To explain, there are initially three arrays, sorted by item centroids in *X*,
*Y* and *Z* respectively. After splitting, these arrays are partitioned,
maintaining sorted order within nodes. These hold original item indices and in
fact trivially hold the clustering result after splitting. The input adjacency
arrays index original items, but we instead need the index in those initially
sorted arrays. This is done by duplicating the adjacency arrays and scatter
writing their node-sorted indices. The image below shows this for one axis.

![adjacency_sweep](doc/adjacency_sorted.svg)

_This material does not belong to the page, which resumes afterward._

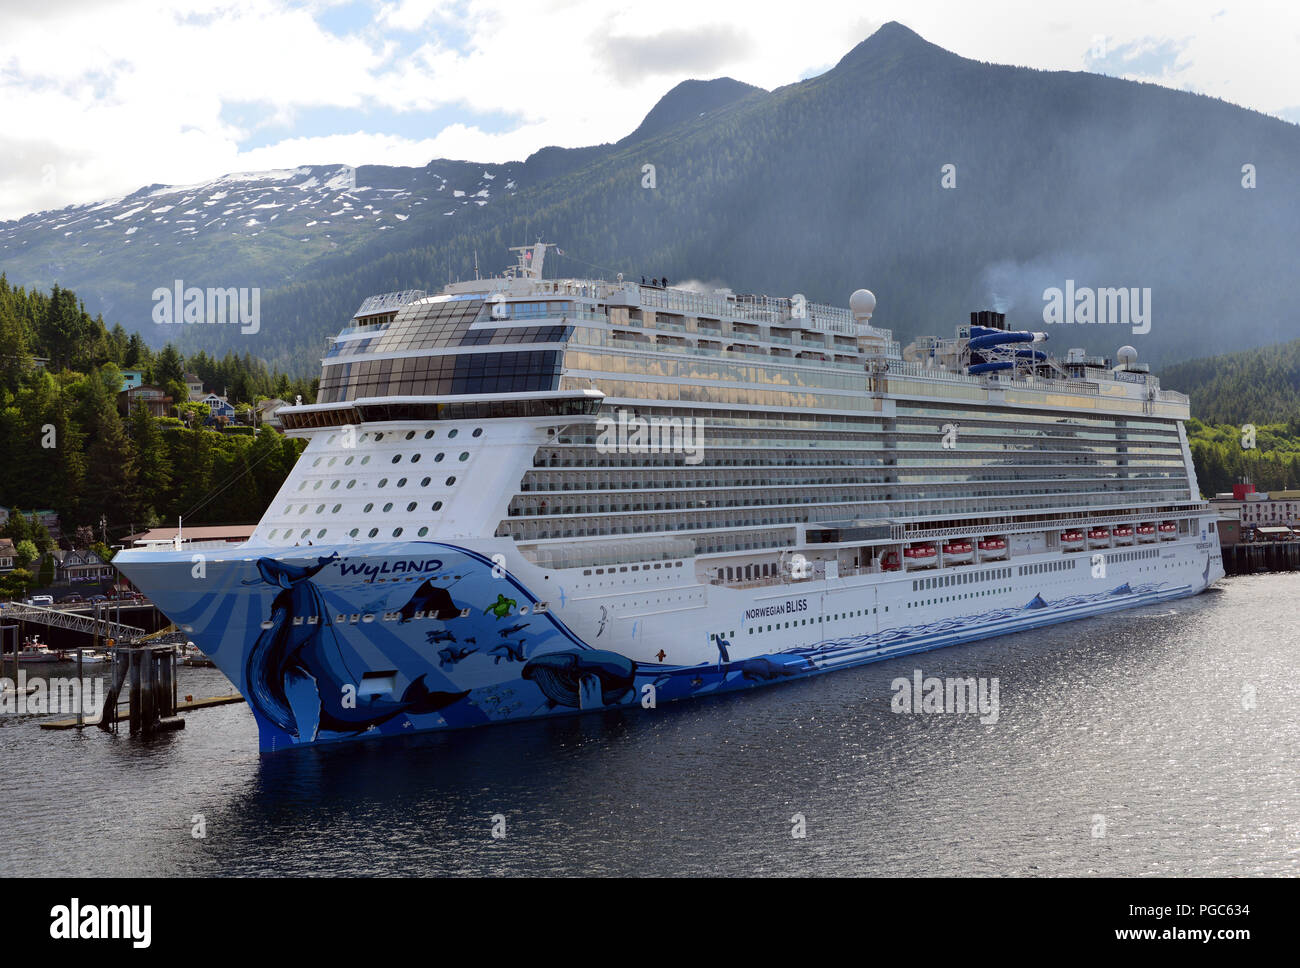 Norwegian Cruise Line Schiff Norwegian Bliss angedockt in Ketchikan, Alaska während ihrer ersten Saison kreuzen in den Gewässern von Alaska. Stockfoto

When computing cut costs for a node, an array of summed weights is created. The
image below shows an example with unit weights. The array is initialized with
the sum of connecting item weights - positive for connections to the right and
negative for connections to the left. Connections to other nodes are ignored.
The reindexed adjacency arrays trivially give this information, comparing the
connection index with the current item's index and the node boundaries. The
weights array is then prefix summed to obtain the cut cost for each position in
the node.

![adjacency_sweep](doc/adjacency_sweep.svg)

### Citation

The BibTex entry to cite `nv_cluster_builder` is

```bibtex
@online{nv_cluster_builder,
title = {{{NVIDIA}}\textregistered{} {nv_cluster_builder}},
author = {{NVIDIA}},
year = 2025,
url = {https://github.com/nvpro-samples/nv_cluster_builder},
urldate = {2025-01-30},
}
```

## Limitations

Clusters are created by making recursive axis aligned splits. This is useful as
it greatly reduces the search space and improves performance when clusters are
used in ray tracing. However, more general clustering solutions than
axis aligned splits are not considered.

Recursively splitting is done greedily, picking the lowest cost split which may
not be a global optimum.

The algorithm is primarily spatial due to splitting in order of centroids, but
solutions can be skewed by adjusting the costs in `nvcluster::Config` and
adjacency weights in `nvcluster::Graph::connectionWeights`. For example, choosing
adjacency weights to represent connected triangles or number of shared vertices
can result in more vertex reuse within clusters. Weights may also represent face
normal similarity or a balance of multiple attributes.

Badly chosen weights can result in degenerate solutions where recursive
bisection splits off single leaves. This is both slow and rarely desirable.

Parallel execution is only supported with libstdc++ and MSVC STL, not libc++.